Exercise brief>
Every line of the listing below should be written out exactly, minus its pictures.

Data segment>

=-=-=-=-=

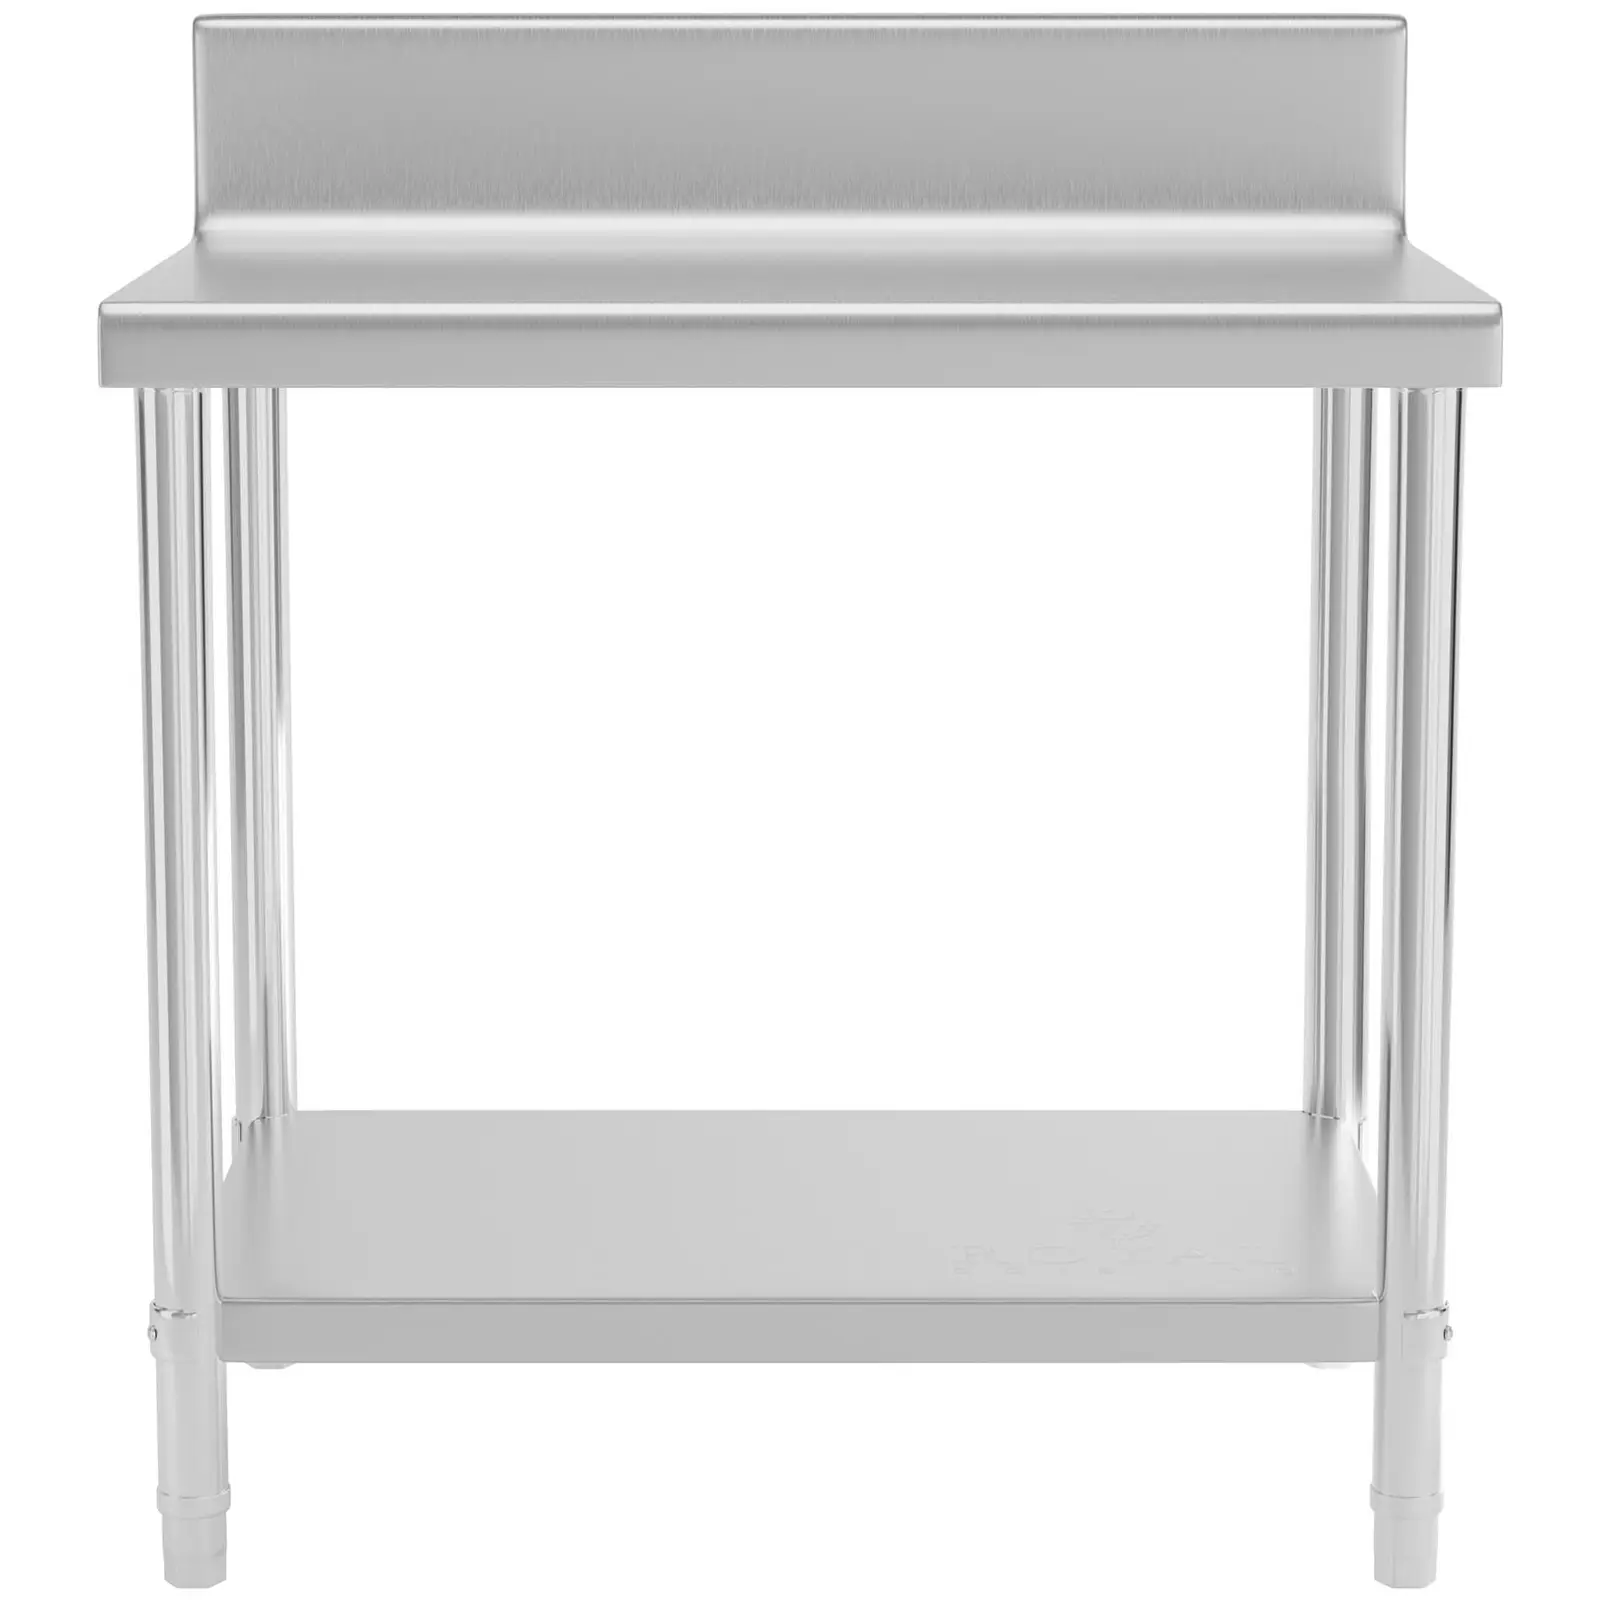 Pracovný stôl z nehrdzavejúcej ocele - 90 x 60 cm - lem - nosnosť 210 kg
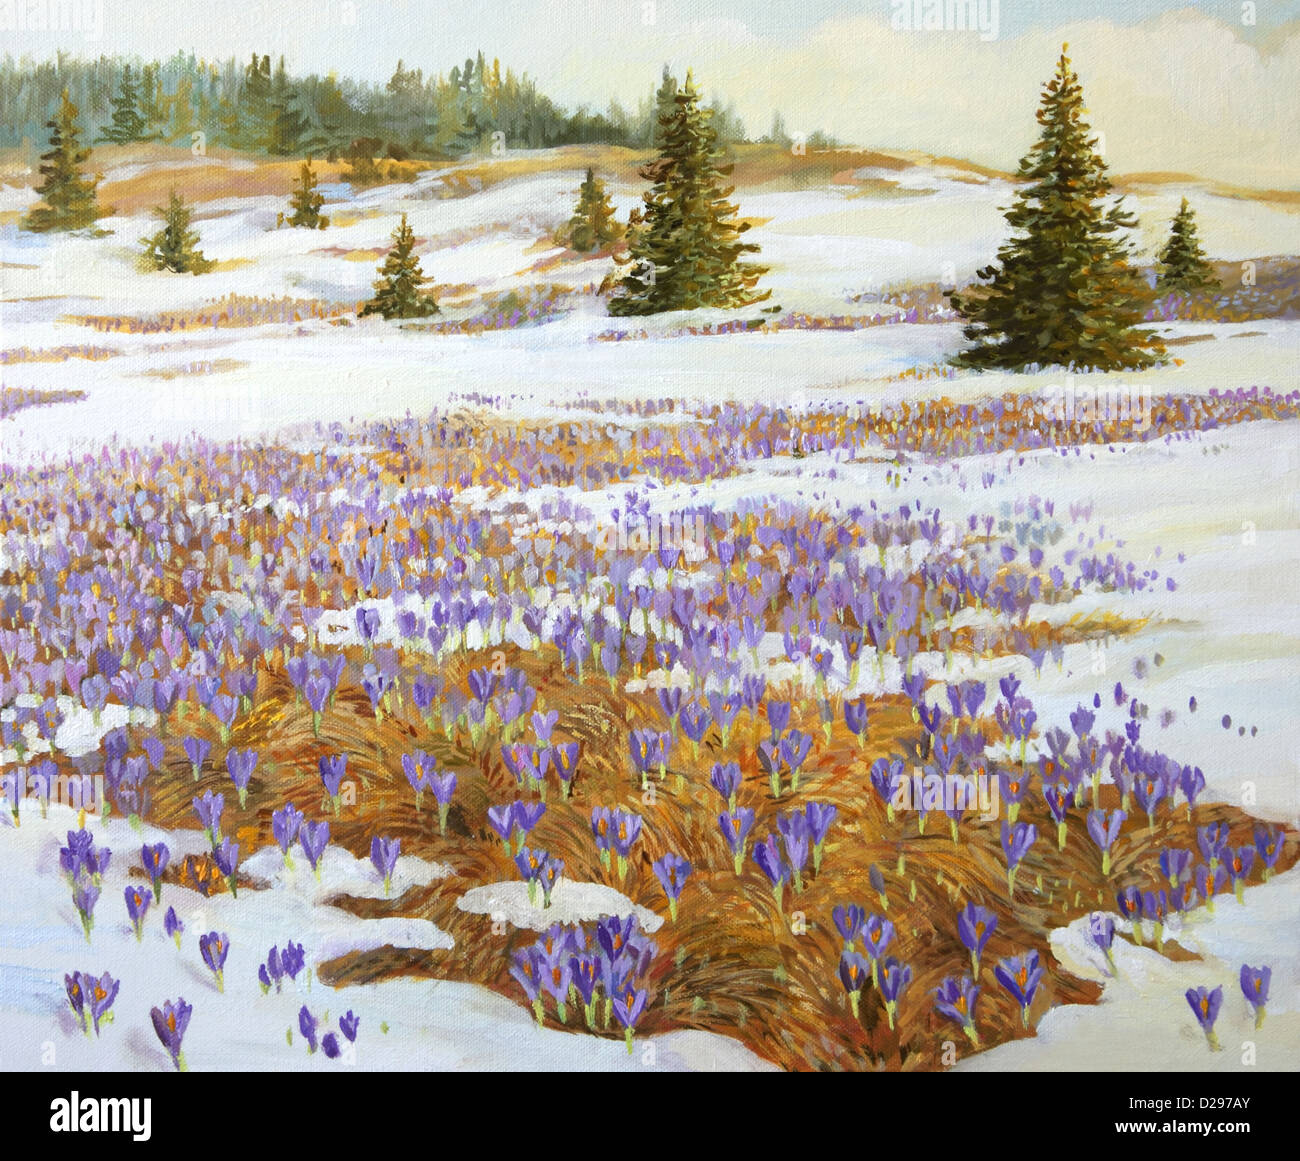 Un dipinto ad olio su tela di un prato con macchie di neve e la fioritura viola crocus fiori. Foto Stock
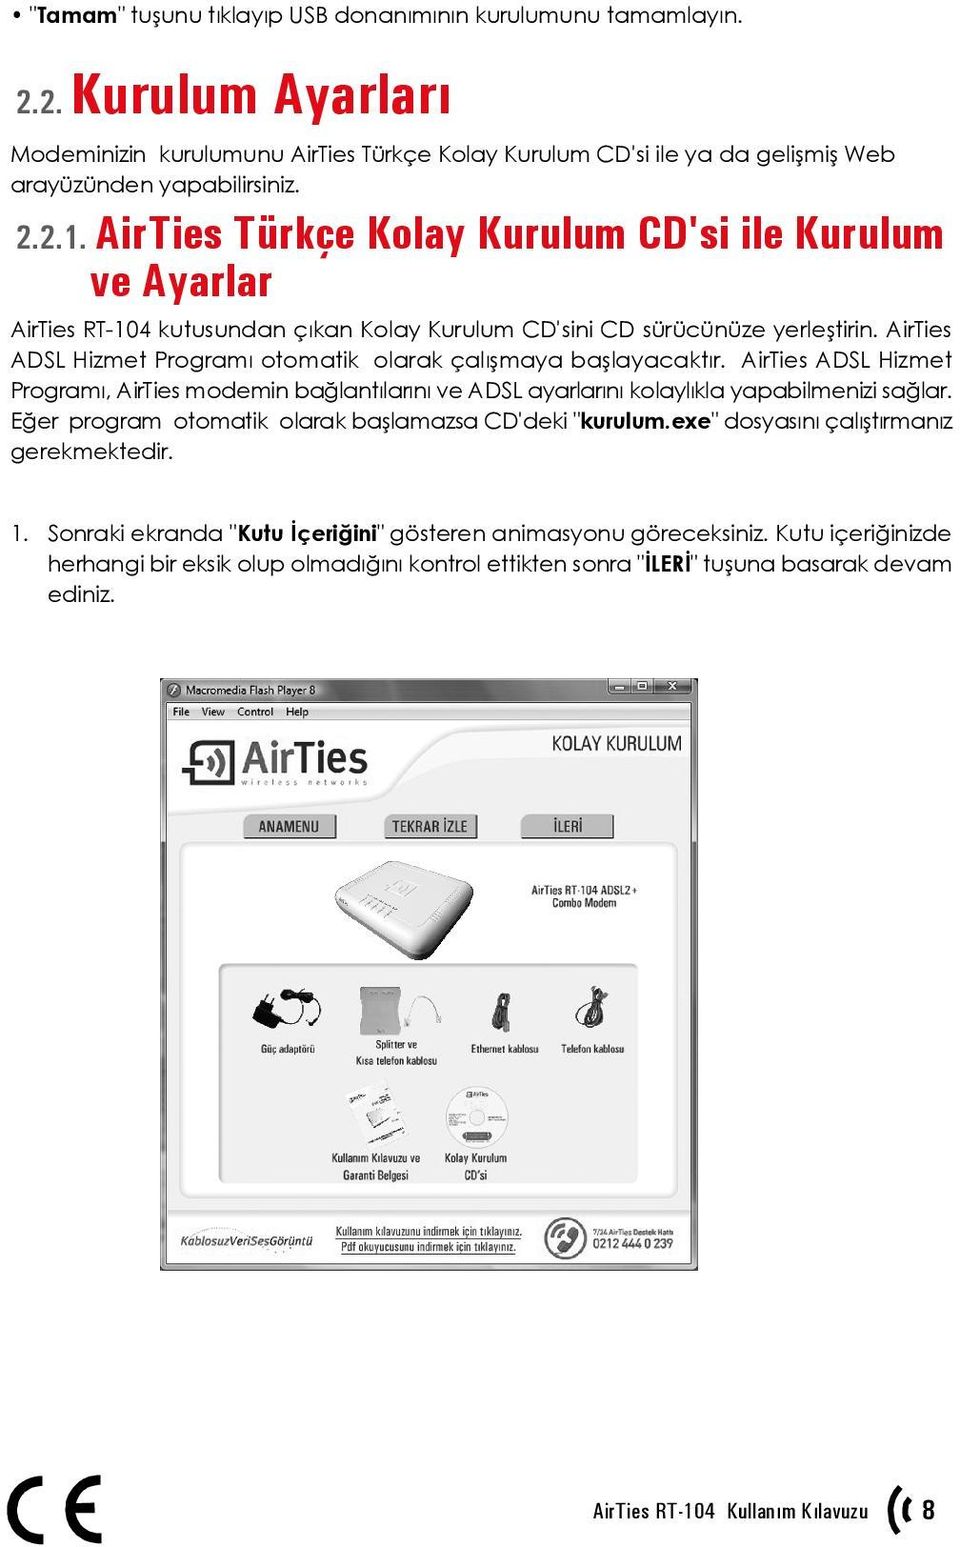 AirTies ADSL Hizmet Programı otomatik olarak çalışmaya başlayacaktır. AirTies ADSL Hizmet Programı, AirTies modemin bağlantılarını ve ADSL ayarlarını kolaylıkla yapabilmenizi sağlar.

=-=-=-=-=

Exercise result>
 Pracovný stôl z nehrdzavejúcej ocele - 90 x 60 cm - lem - nosnosť 210 kg
 Un dipinto ad olio su tela di un prato con macchie di neve e la fioritura viola crocus fiori. Foto Stock
 AirTies ADSL Hizmet Programı otomatik olarak çalışmaya başlayacaktır. AirTies ADSL Hizmet Programı, AirTies modemin bağlantılarını ve ADSL ayarlarını kolaylıkla yapabilmenizi sağlar.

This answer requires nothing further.